SØREN FORENSIC INSTITUTE Program in Forensic Psychology
Forensic Psychology — Program Overview
Forensic psychology focuses on analyzing human behavior in the context of violence, criminality, and high-stakes situations—where motives, emotions, and decisions reveal their most intense forms. The program integrates psychological knowledge with investigative practice, emphasizing how to think about crime analytically, evidence-based, and with full awareness of the complexity of human nature. Participants explore the processes that lead to homicide, sexual offending, manipulation, violence escalation, and victim selection—not through sensationalism, but through psychological structures and behavioral patterns supported by research.

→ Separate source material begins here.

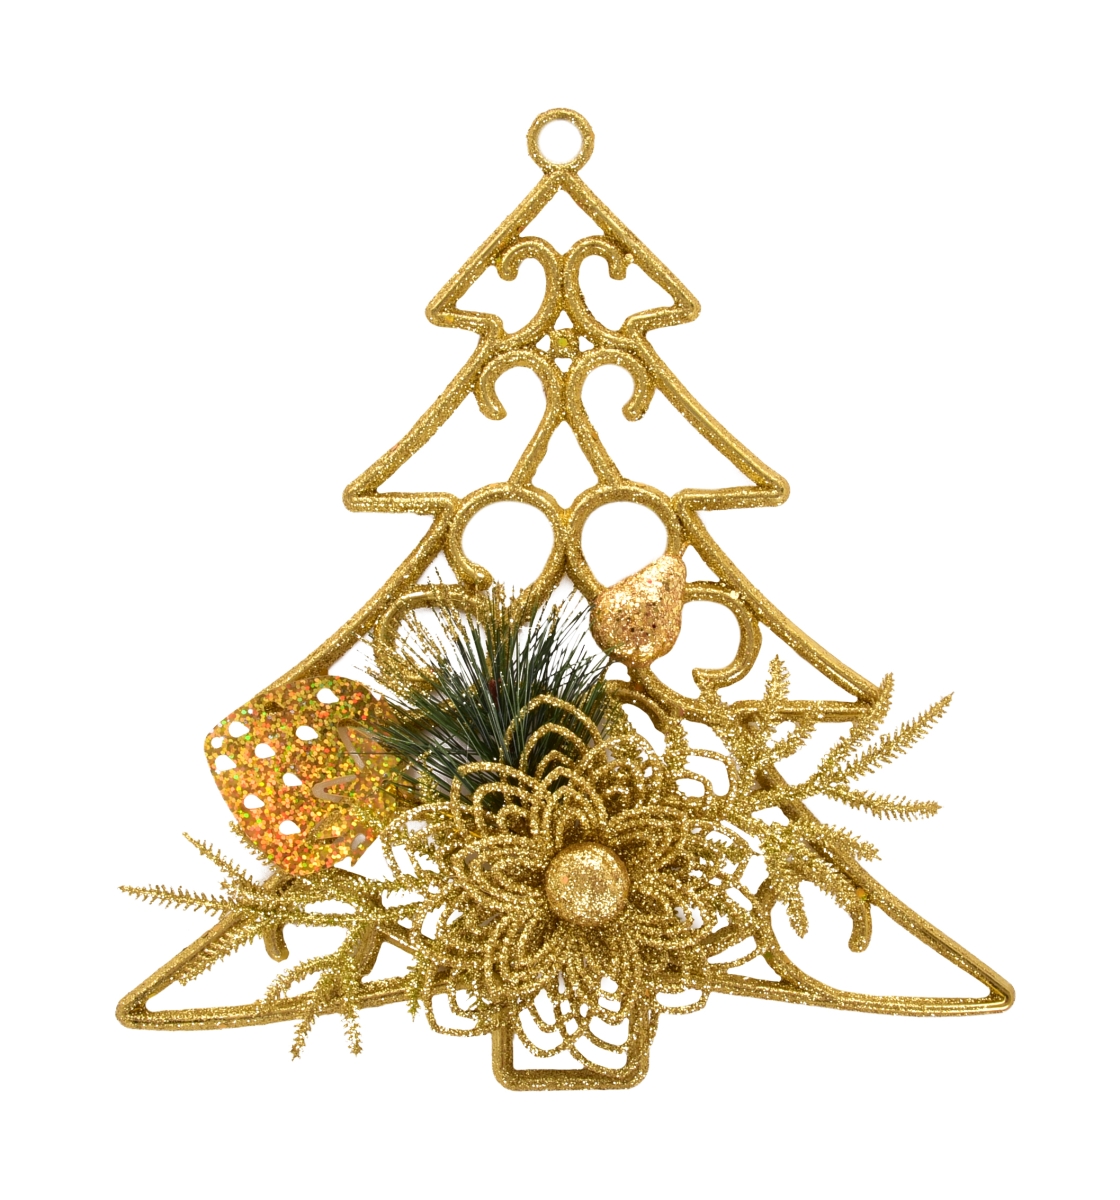 Fenyő formájú felakasztható karácsonyi dekoráció 25 cm - arany színű

The program includes six core areas: criminal profiling of homicide offenders, the psychology of serial and mass murderers, the analysis of modus operandi and signature behaviors, the psychology of sexual offenders, victimology, and the psychology of interviews and interrogations. Each module illuminates a different dimension of the relationship between offender, victim, and situational context, together forming a coherent map of the processes that shape human behavior under extreme conditions.
In the SØREN Institute approach, forensic psychology is not about the spectacle of violence, but about understanding—asking what leads a person to cross boundaries, how criminal mechanisms develop, and how these processes can be examined with scientific precision. This pillar equips participants with tools to view crime not as a collection of random facts, but as a dynamic system of psychological and environmental elements that can be interpreted, studied, and organized.
This program is designed for those who want to go deeper—to understand how investigative thinking works, how offender profiles are built, how scenes are analyzed, and how to communicate with people under high stress. Forensic psychology becomes a starting point for understanding crime as a process rather than a single event. It also serves as a foundation for the Institute’s other pillars, demonstrating that every behavior—even the most extreme—has its logic, its origins, and its consequences.